There is no silver bullet, but Houghton believes it is the role of teachers first and then 'STEM ambassadors' that will make a difference.

"I think everyone in positions like mine, within the engineering industry, has an obligation to get involved with young people, get them involved earlier and try to create a passion for engineering," he said.

Despite this 'obligation', Houghton said industry should only send out the right representatives. "If people are motivated to do it, they will do a great job inspiring young people in STEM subjects. I don't think we should try to mandate it – it is either in you or it isn't."

One of the difficulties faced by schools is the range of initiatives on offer – sorting out which robotic contest or factory visit will be of most advantage to them when it comes to fulfilling curriculum obligations.

Siemens has an information portal for key stages 2 and 3 designed to give students the chance to manage their own manufacturing and engineering facility. This aims to attract 1.9 million British schoolchildren by the end of this year and 4 million by the end of 2016. Another scheme is E3, which offers students holiday employment through school and university so they are more prepared for the workplace on graduation.

Such diverse offerings highlight the problem which schools face, albeit a good problem to have. Houghton said: "It is great that companies do this good stuff, but there is no coordination between what companies are doing. With hundreds of such initiatives, which ones do you pick?"

A lack of coordination and consistency is also at the heart of Government thinking according to Houghton. "We need longevity," he adds. "If employers and academics are going to have faith in something, it needs to be a cross party, long term strategy. That is the most important thing for us in industry."

Houghton pointed to the positive moves to 'rebalance' the economy with a greater emphasis on manufacturing. However, compared with Germany's 'Industry 4.0', or US 'Industry Renaissance', he is concerned that 'rebalancing' could be less specific and interpreted in different ways as time goes on. "But," he said, "at the moment, I am pleased with what this Government has set out to do. And UTCs started out in the previous Government, so that is a bit of cross party thinking."

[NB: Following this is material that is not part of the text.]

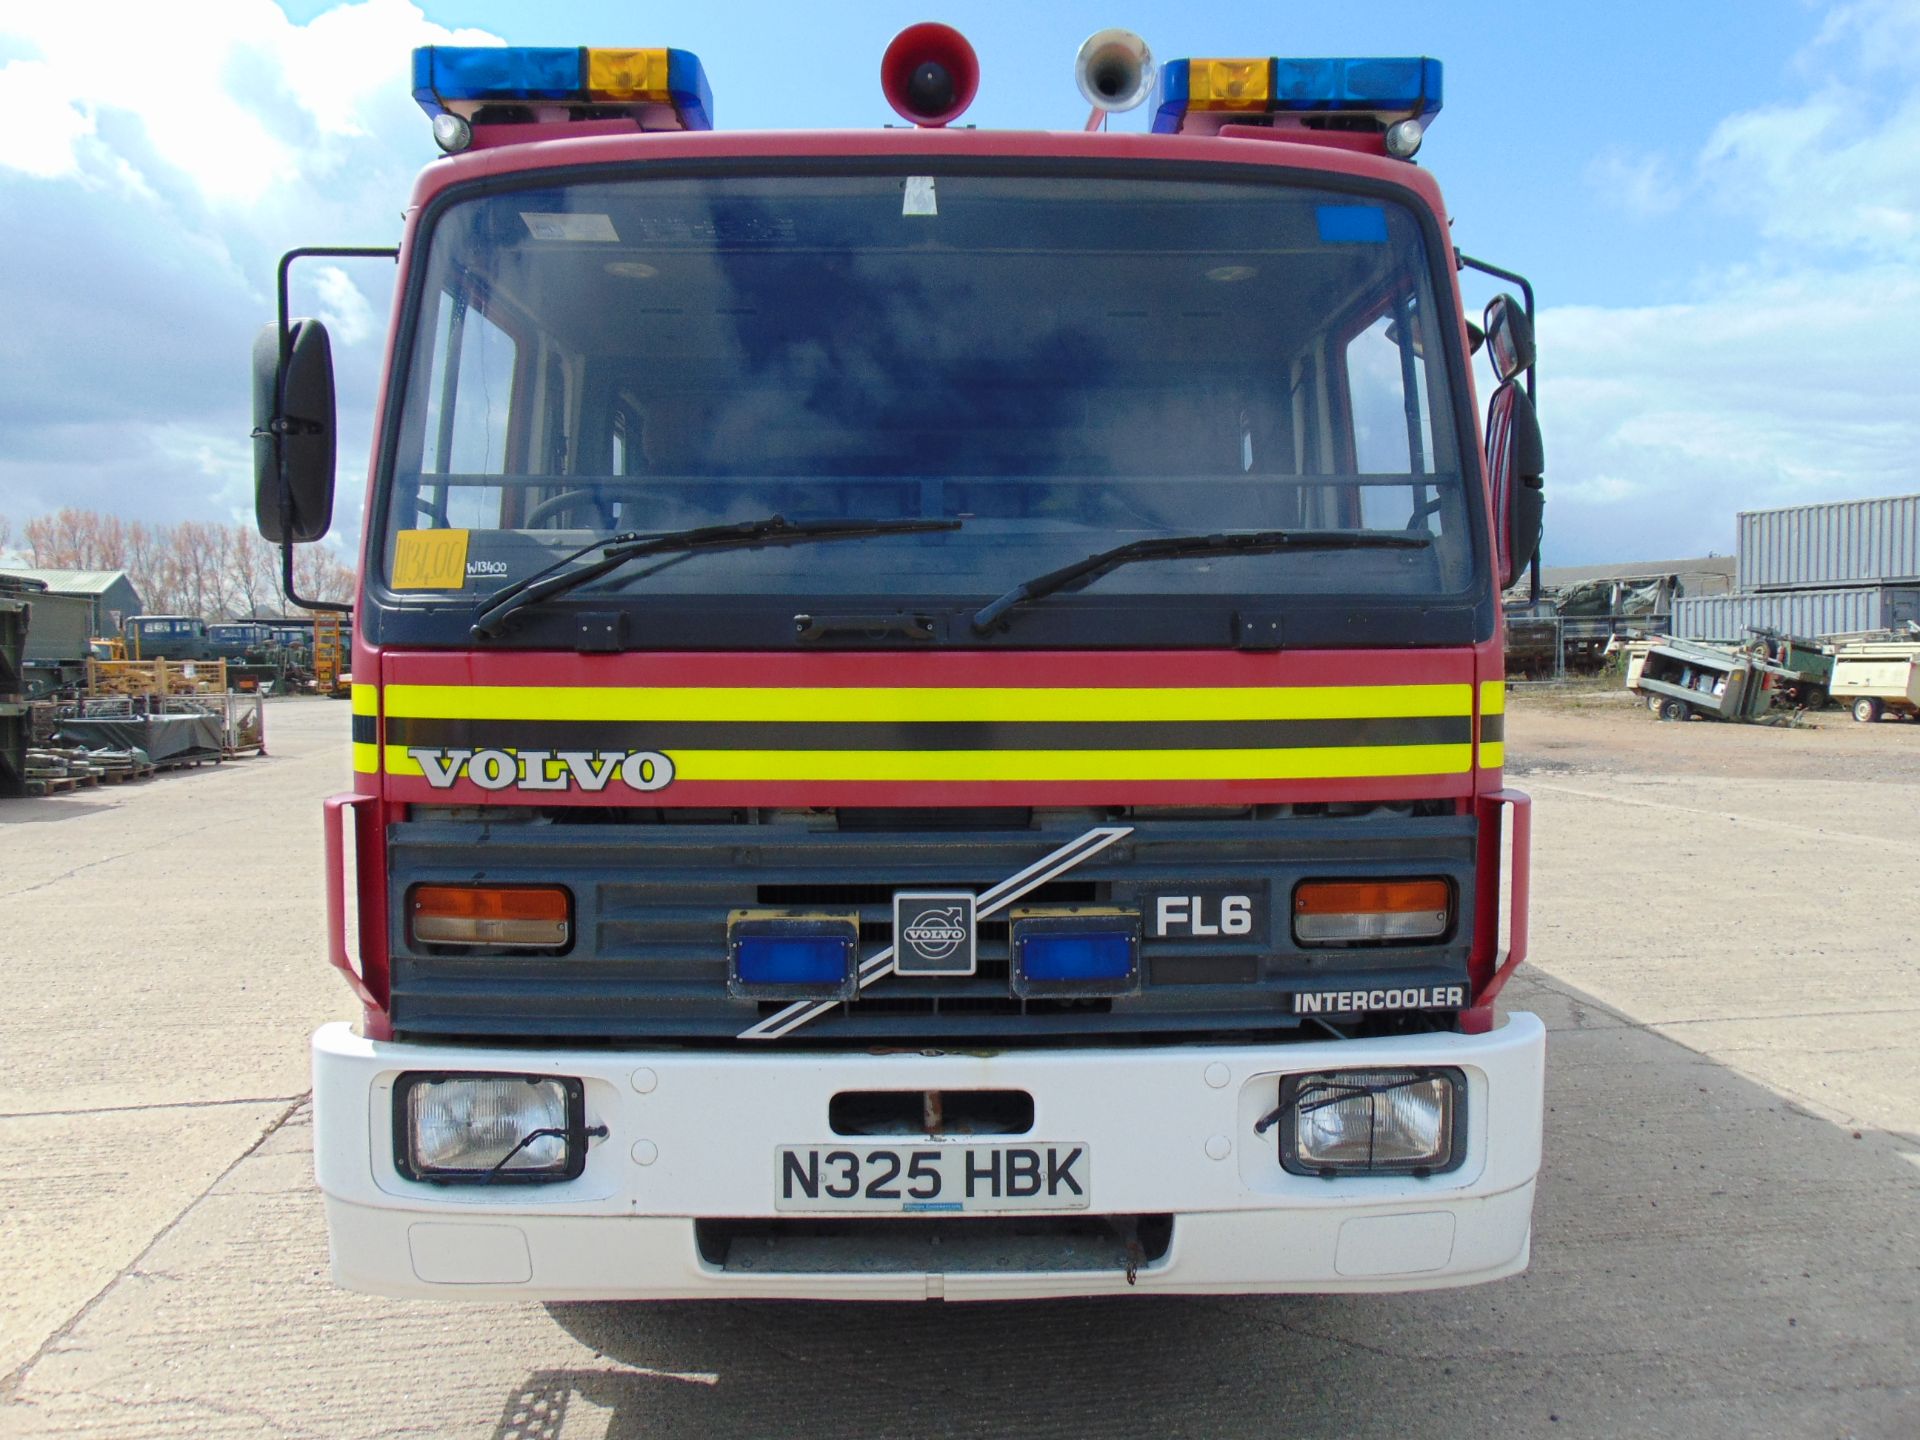 Volvo Saxon 4x2 Fire Engine ONLY 57,278 Miles - Image 3 of 31
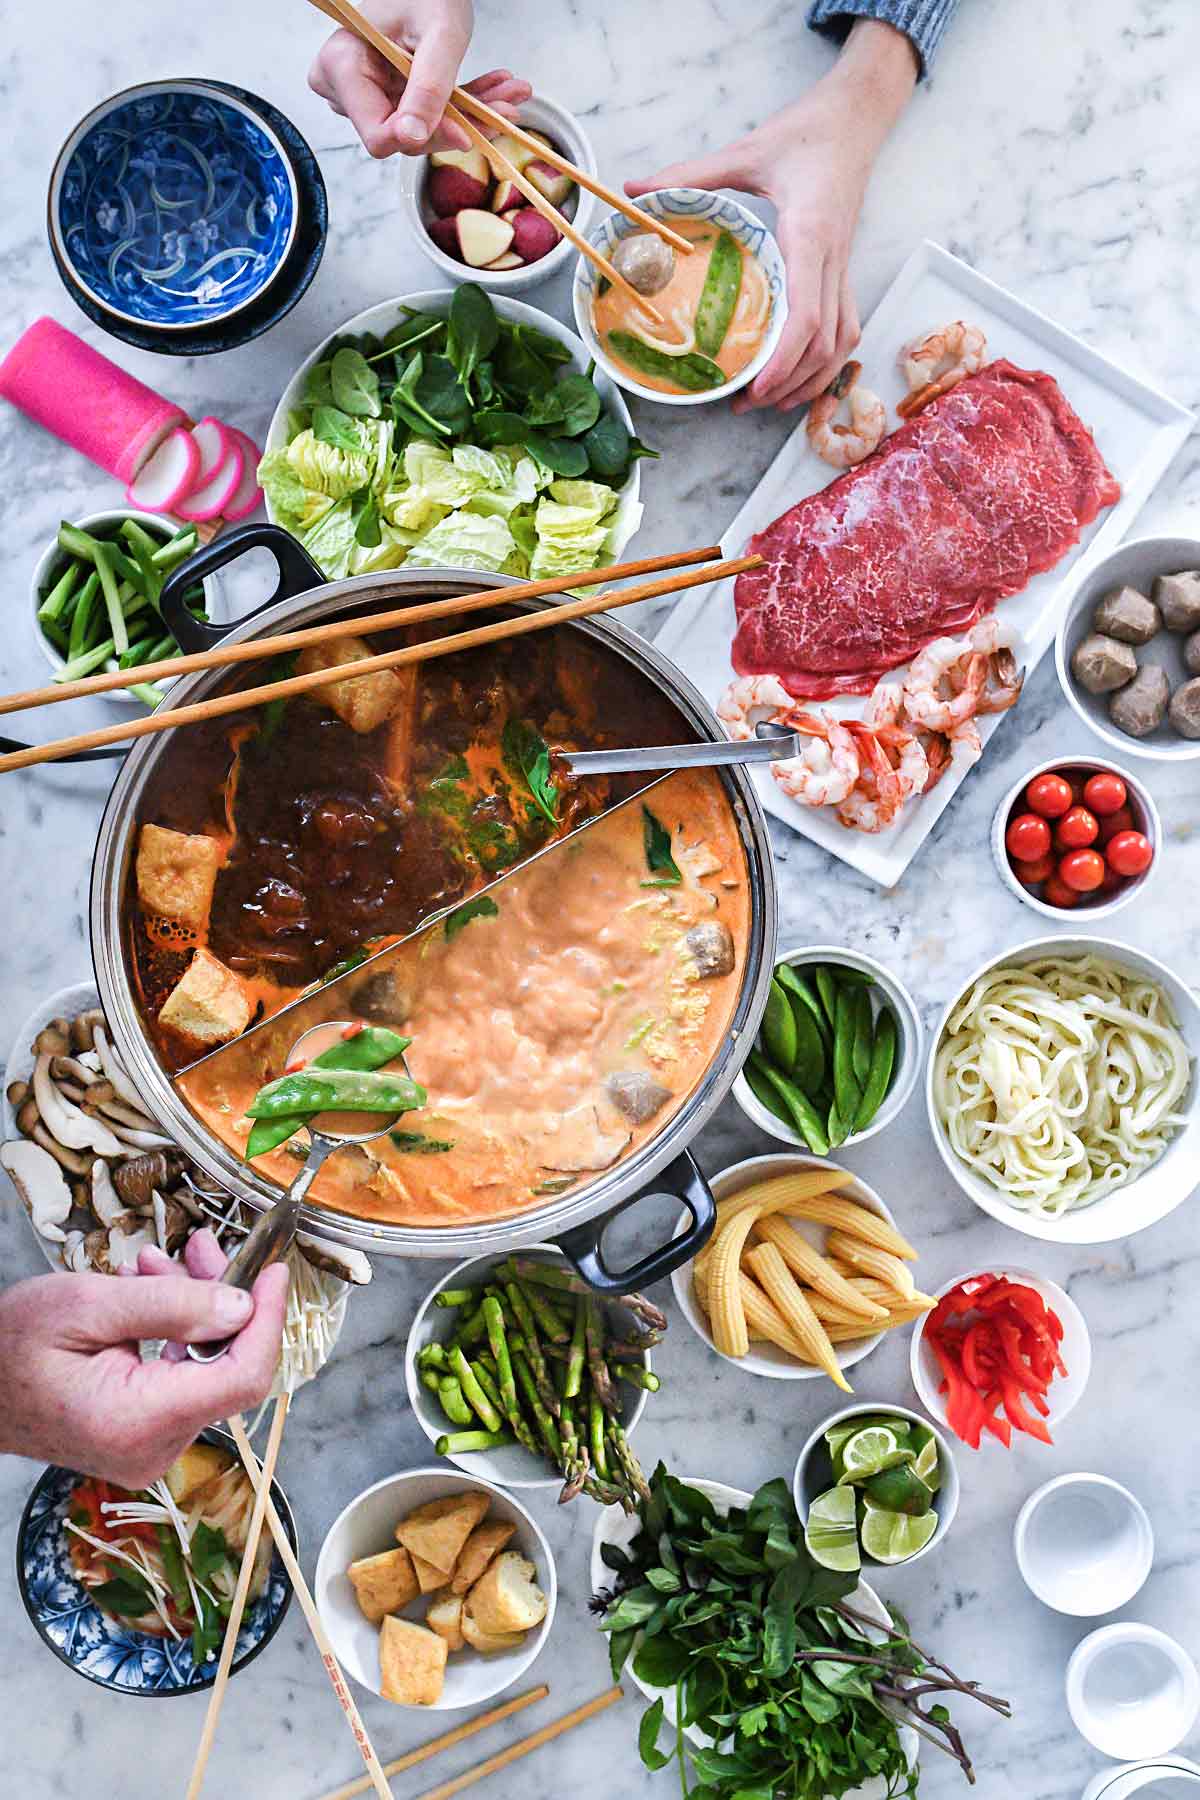 How to Cook Hot Pot at Home, Cooking School

UTCs (University Technical College) are still in their infancy; the first opened in 2010 and now there are 17. Nevertheless, the first students are starting to come off that particular production line.

"I am very impressed by them," claimed Houghton. "One of the things they do as part of the curriculum is to teach students to be competent orators – debating engineering topics in a group. I thought these students are miles ahead of the standard students I have met."

But is the Government doing enough? It seems widely accepted that the shortage of engineers, in terms of the 'pipeline' of new graduates coming through, will last until at least 2020. Is there more the Government could do?

Houghton suggested: "It could come up with additional incentives to support engineering. For instance, if we are struggling to attract more students into engineering type degrees, we could offer reduced fees in areas where the economy needs some sort of additional support. That might be a way of stemming the short term gap."